--- Data Enclosed Below ---

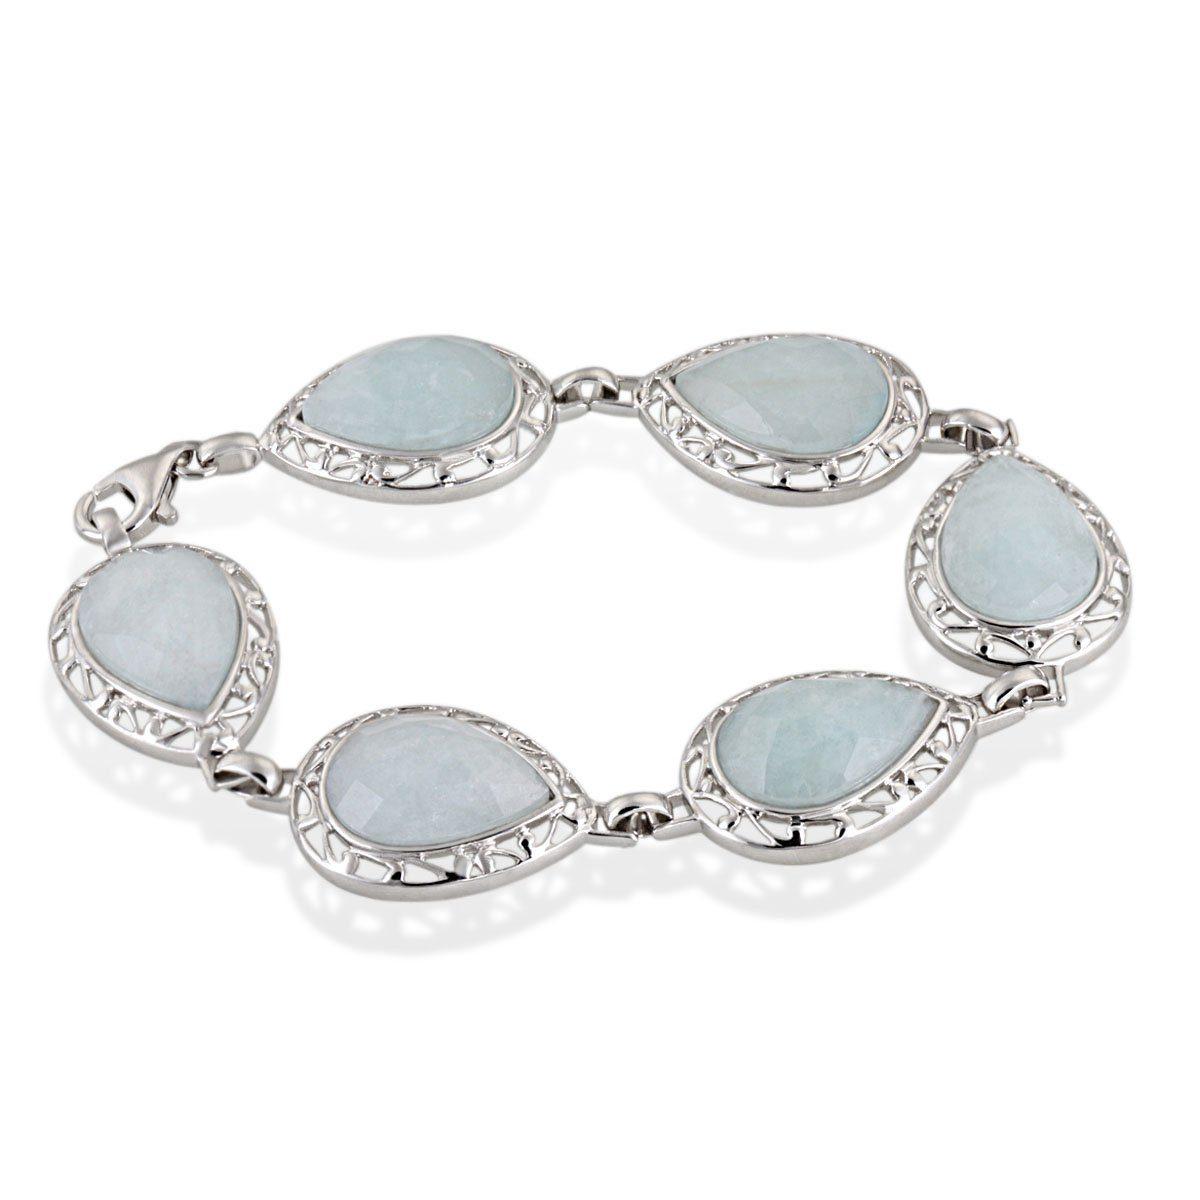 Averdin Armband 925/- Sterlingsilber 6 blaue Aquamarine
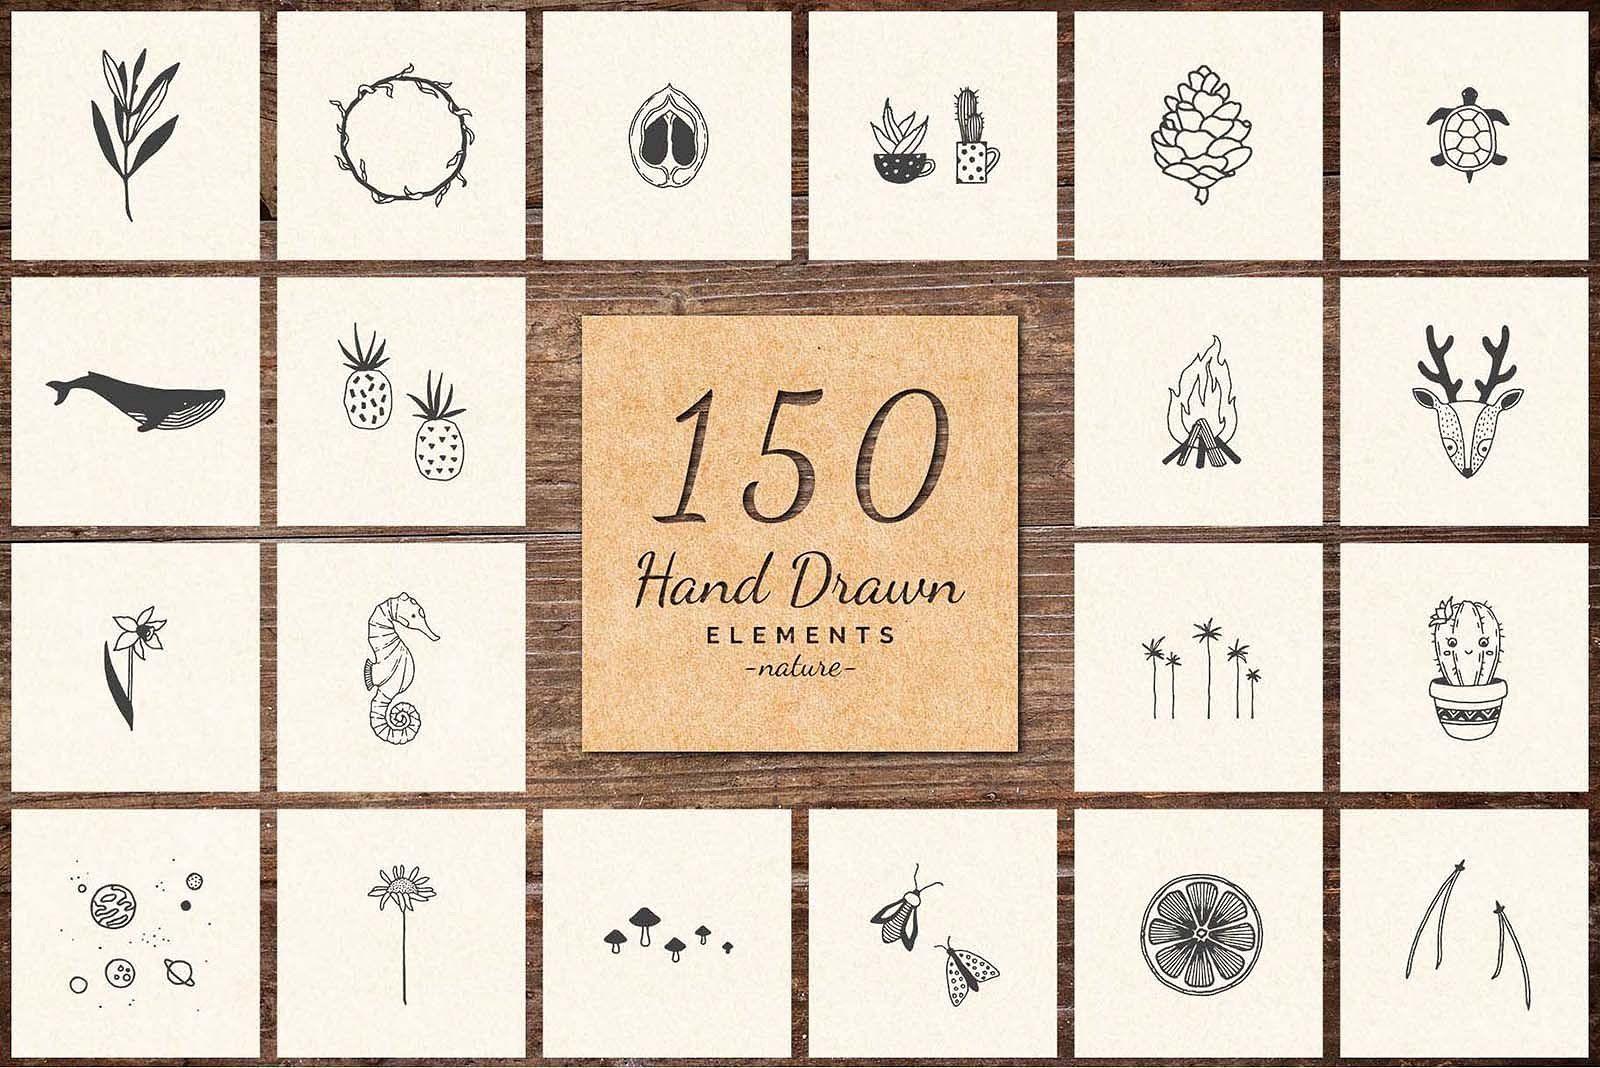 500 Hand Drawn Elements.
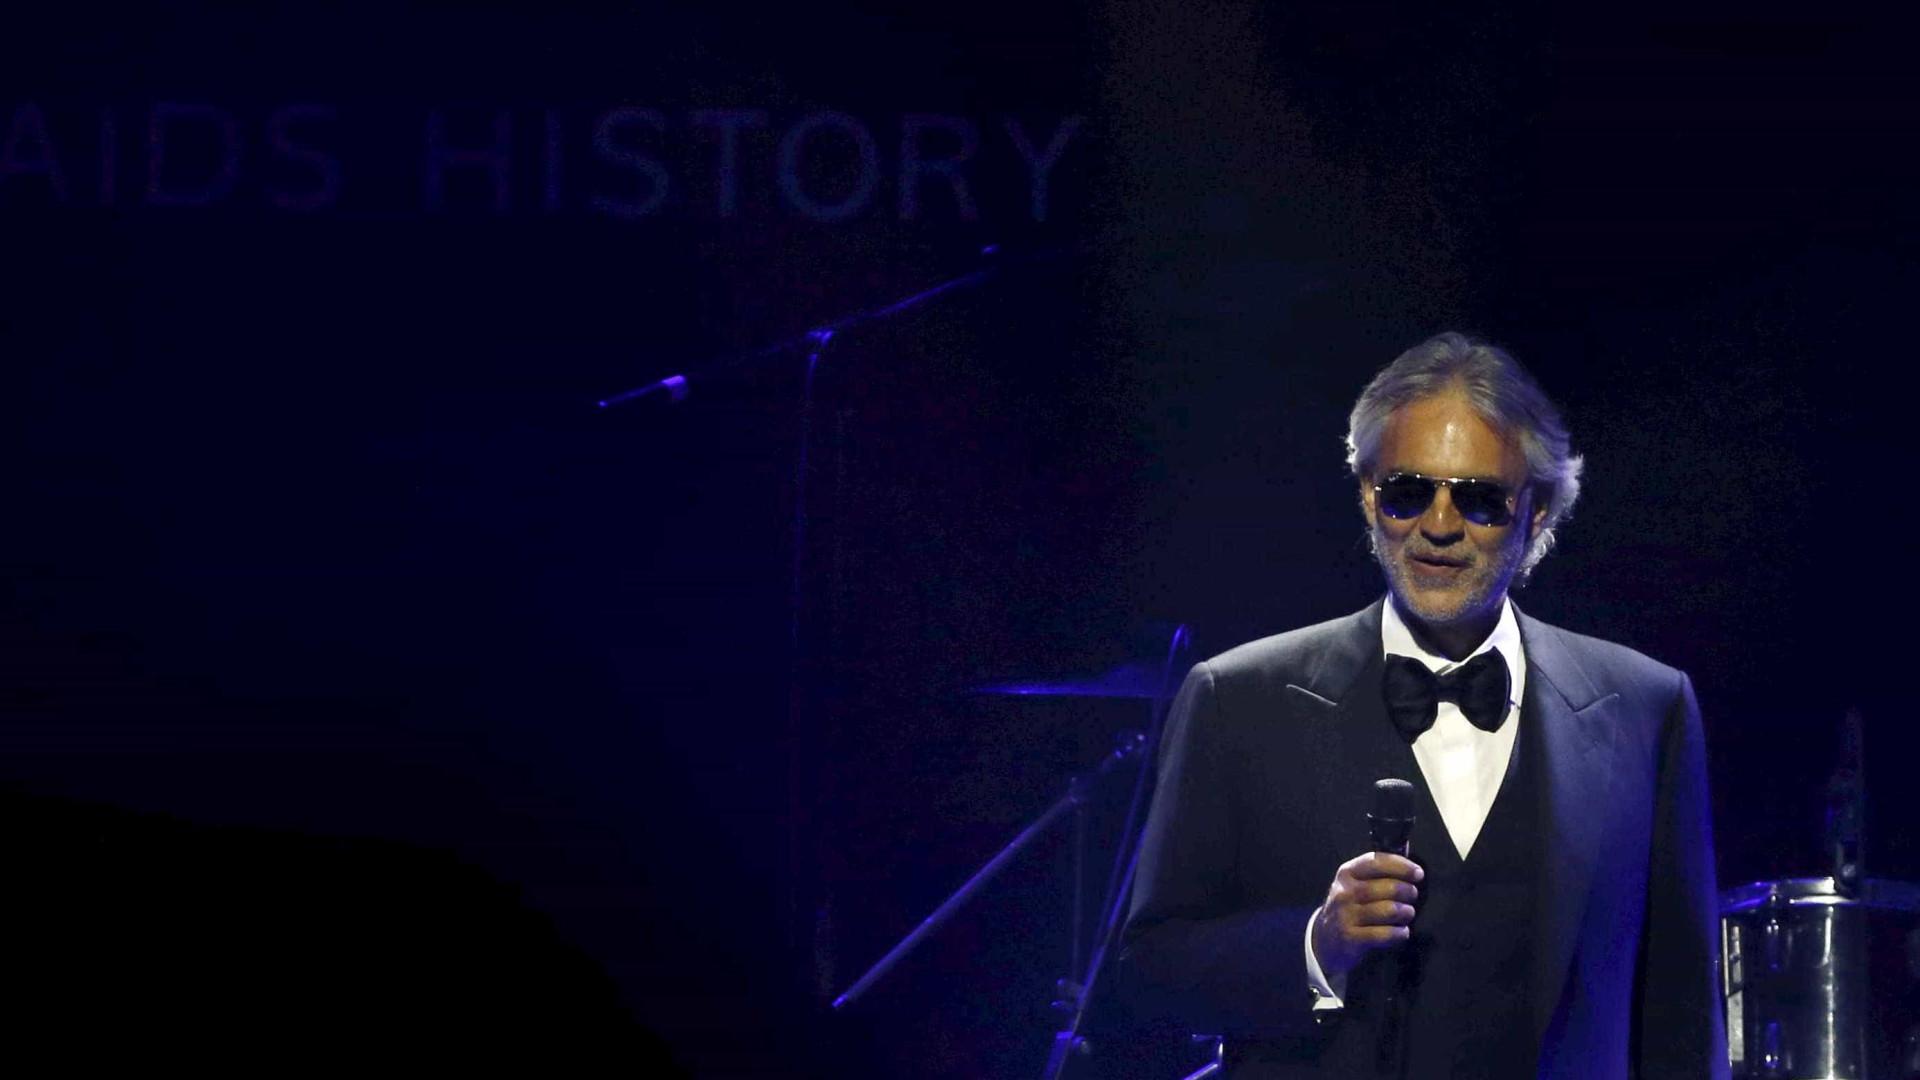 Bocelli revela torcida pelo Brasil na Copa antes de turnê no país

--- End of Enclosed Data ---

# What is being asked:
Only the pictures are to be left out; print everything else in the listing exactly.

# Reply:
 Averdin Armband 925/- Sterlingsilber 6 blaue Aquamarine
 500 Hand Drawn Elements.
 Bocelli revela torcida pelo Brasil na Copa antes de turnê no país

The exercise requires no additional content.